*Provided records*.
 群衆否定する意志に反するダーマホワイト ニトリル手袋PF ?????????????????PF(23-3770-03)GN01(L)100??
---
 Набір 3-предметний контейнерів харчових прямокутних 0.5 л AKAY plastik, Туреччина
...
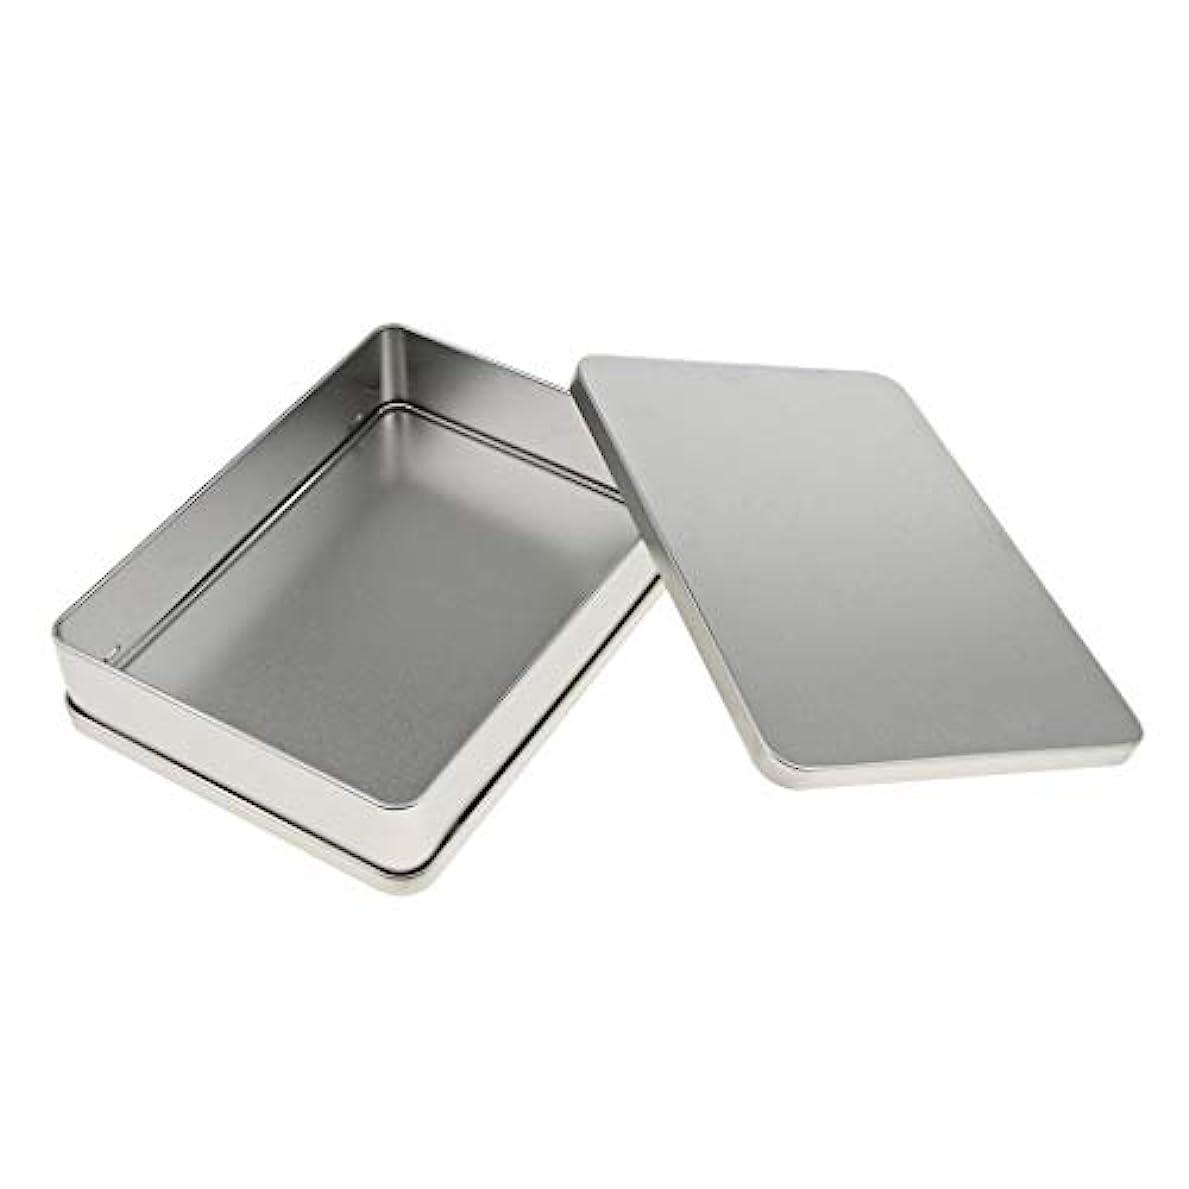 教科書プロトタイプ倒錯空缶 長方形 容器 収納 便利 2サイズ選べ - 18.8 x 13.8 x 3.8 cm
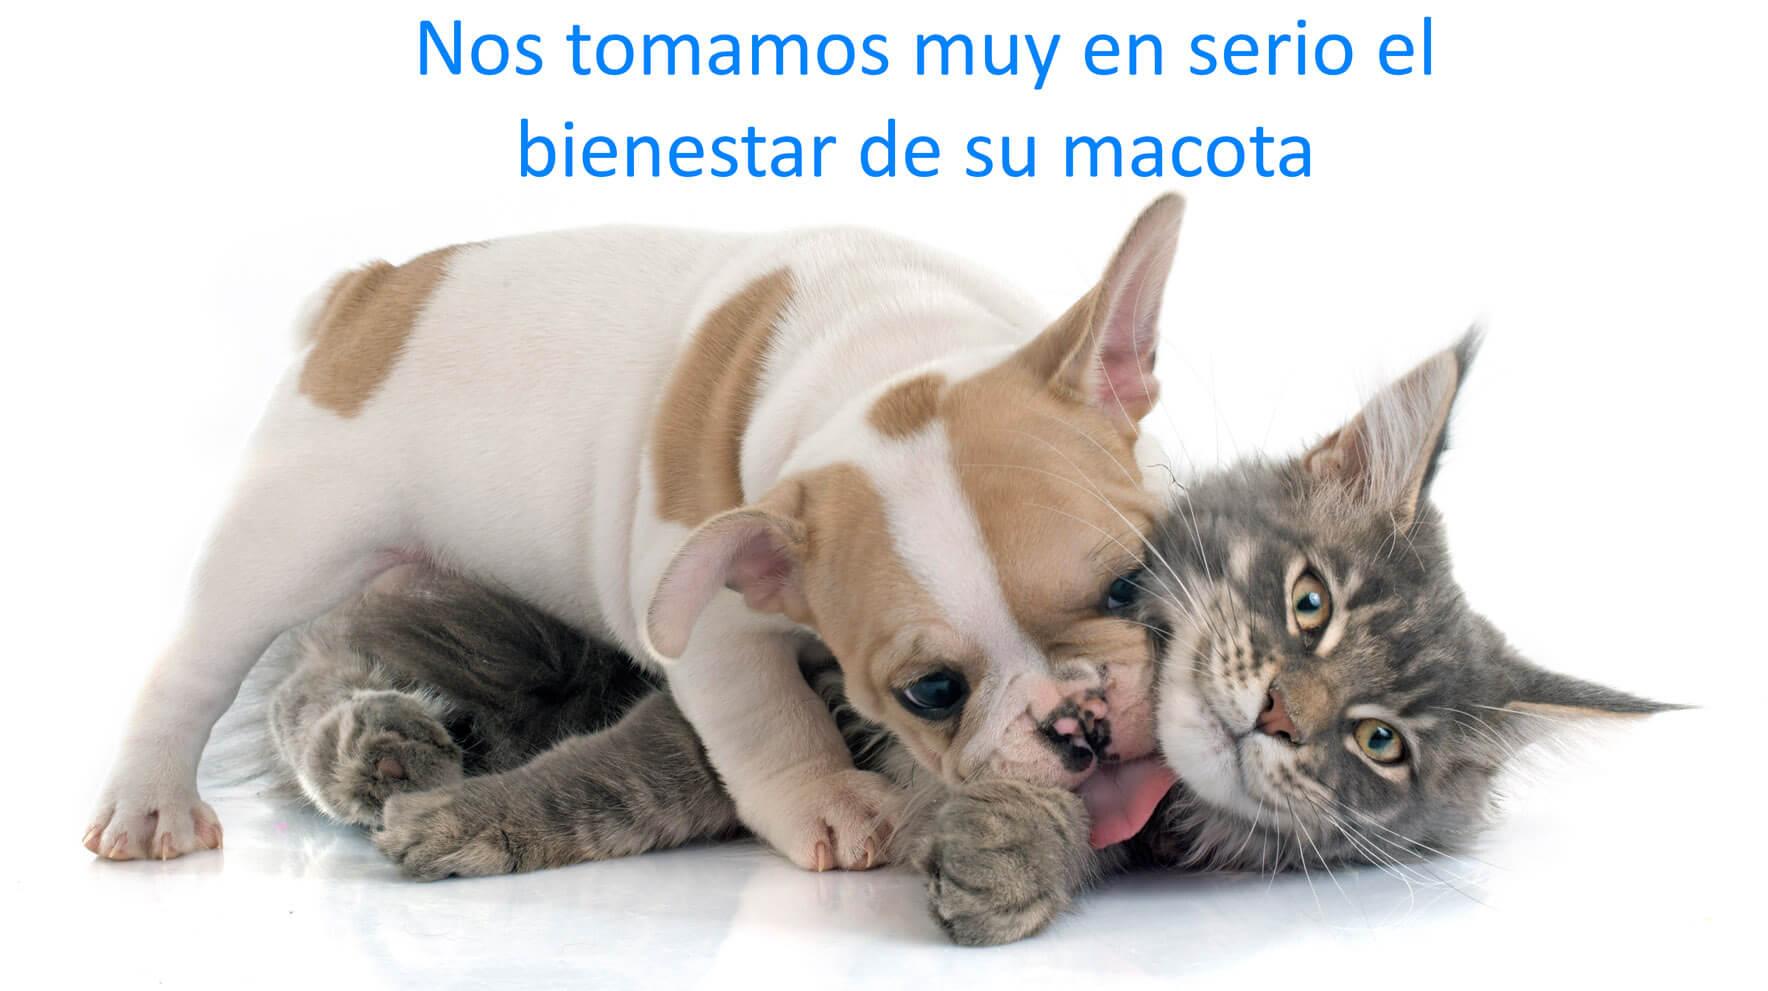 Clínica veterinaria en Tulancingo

*Exercise*.
In the listing above, find the line with "教科書プロトタイプ倒錯空缶 長方形 容器" and output it and every line after it up to and including the line with "Clínica veterinaria en Tulancingo", exactly, minus the pictures.

*Response area*.
 教科書プロトタイプ倒錯空缶 長方形 容器 収納 便利 2サイズ選べ - 18.8 x 13.8 x 3.8 cm
 Clínica veterinaria en Tulancingo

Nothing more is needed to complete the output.